Jean-Joseph Goux is a French philosopher. He studied at the Sorbonne in Paris, and his early philosophical work gained shape in the context of French structualism during the late 1960s and early 1970s. While his early research on symbolic economies was initially related to the work of Roland Barthes and Louis Althusser, Goux’s highly praised essay “Numismatiques,” first published in 1968 and 1969 in the journal Tel Quel, which shaped French intellectual and literary culture at a crucial historical juncture, had a decisive influence on the emerging work of Jacques Derrida and Jean Baudrillard. Goux’s work is centered on the close relationship between language and money, focusing on the symbolic economies and the imaginaries of finance capitalism that shape modernity from the nineteenth century to the present.

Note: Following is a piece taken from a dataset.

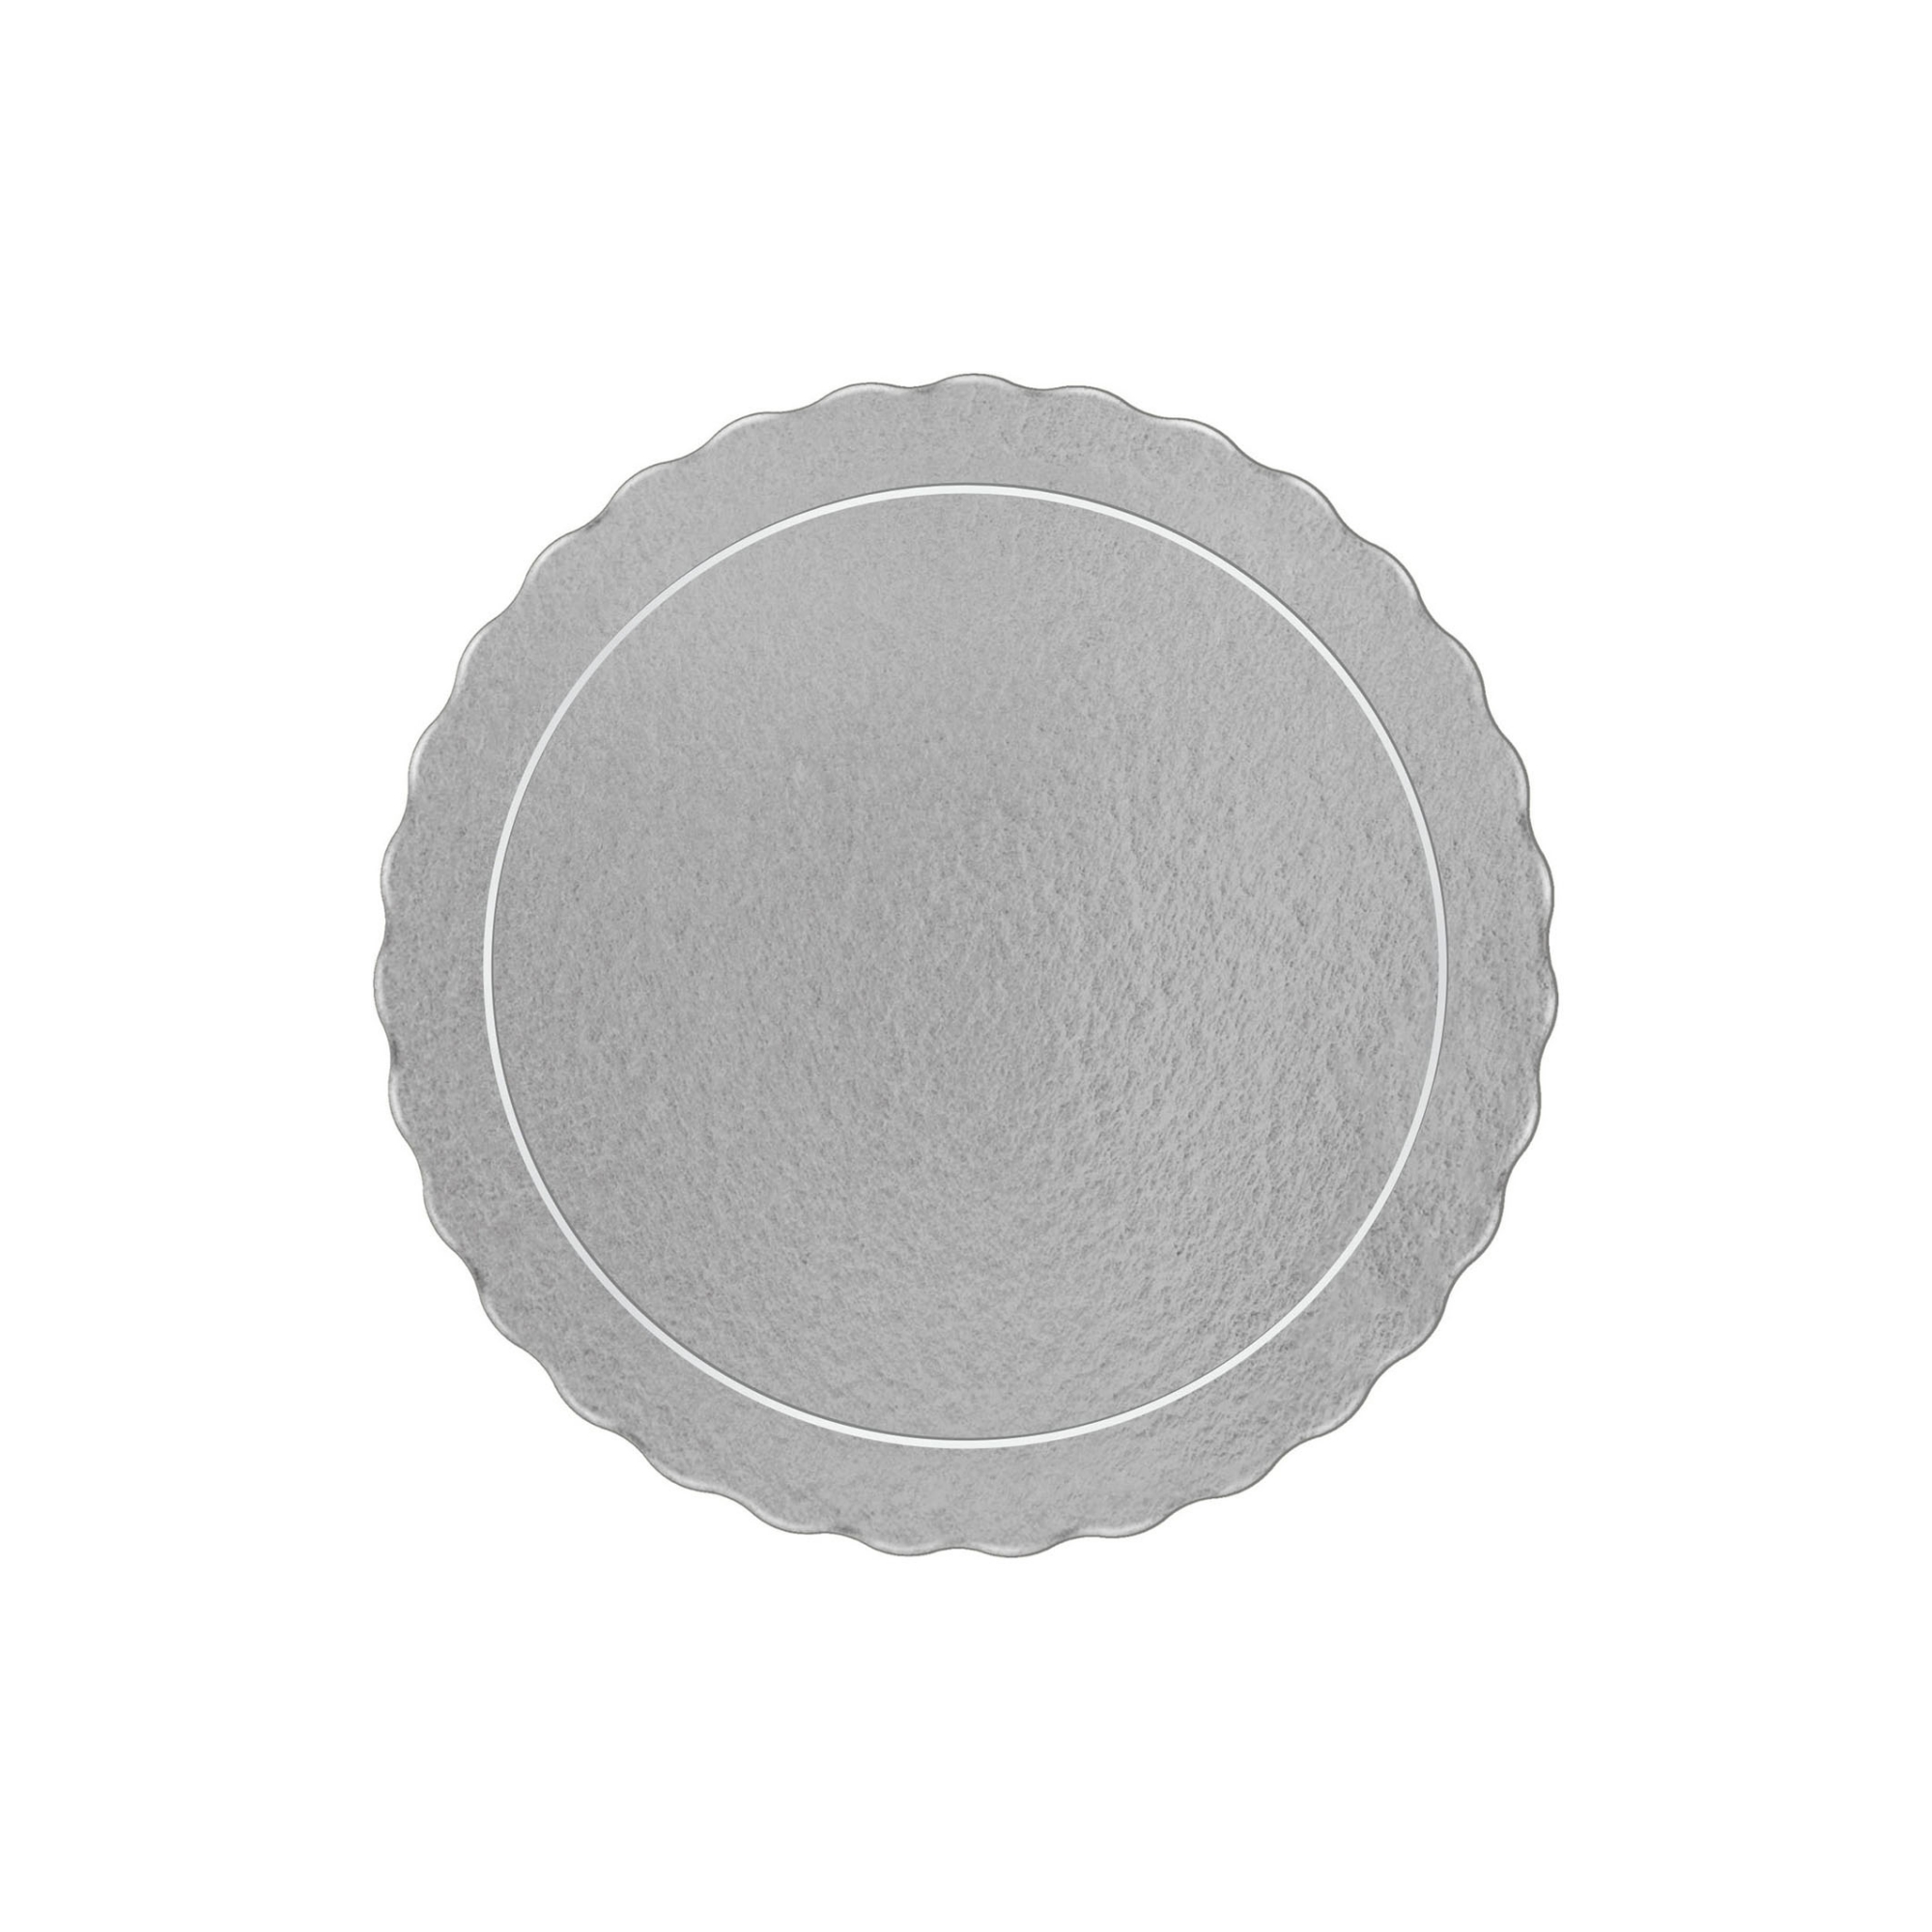 20 Bases Laminadas Para Bolo Redondo, Cake Board 35 cm - Prata

Before he joined Rice, Goux taught at the Université de Paril VIII-Vincennes and the École Normale Supérieure and held visiting professorships at the University of California, San Diego, and at the University of California, Berkeley, at Duke University, Brown University, and the Université de Montréal, Canada. Goux’s books have been widely translated into English, German, Japanese, Italian, Portuguese, and Spanish.
- Le Trésor perdu de la finance folle (Paris: Blusson, 2013).
- L’Art et l’argent: La rupture moderniste, 1860-1920 (Paris: Blusson, 2011).
- Accrochages: Conflits du visuel (Paris: Éditions des femmes, 2007).
- Frivolité de la valeur: Essai sur l’imaginaire de capitalisme (Paris: Blusson, 2000).
- Œedipe philosophe (Paris: Aubier, 1990). English translation 1993. Spanish translation 1999. Japanese translation 2004.
- Les Monnayeurs du langage (Paris: Éditions Galilée, 1984). English translation 1994. Japanese translation 1999.
- Les Iconoclastes (Paris: Éditions du Seuil, 1978). Italian translation 1979. English translation 1990.
- Économie et symbolique (Paris: Éditions du Seuil, 1973). German translation 1975. Italian translation 1976. English translation 1990.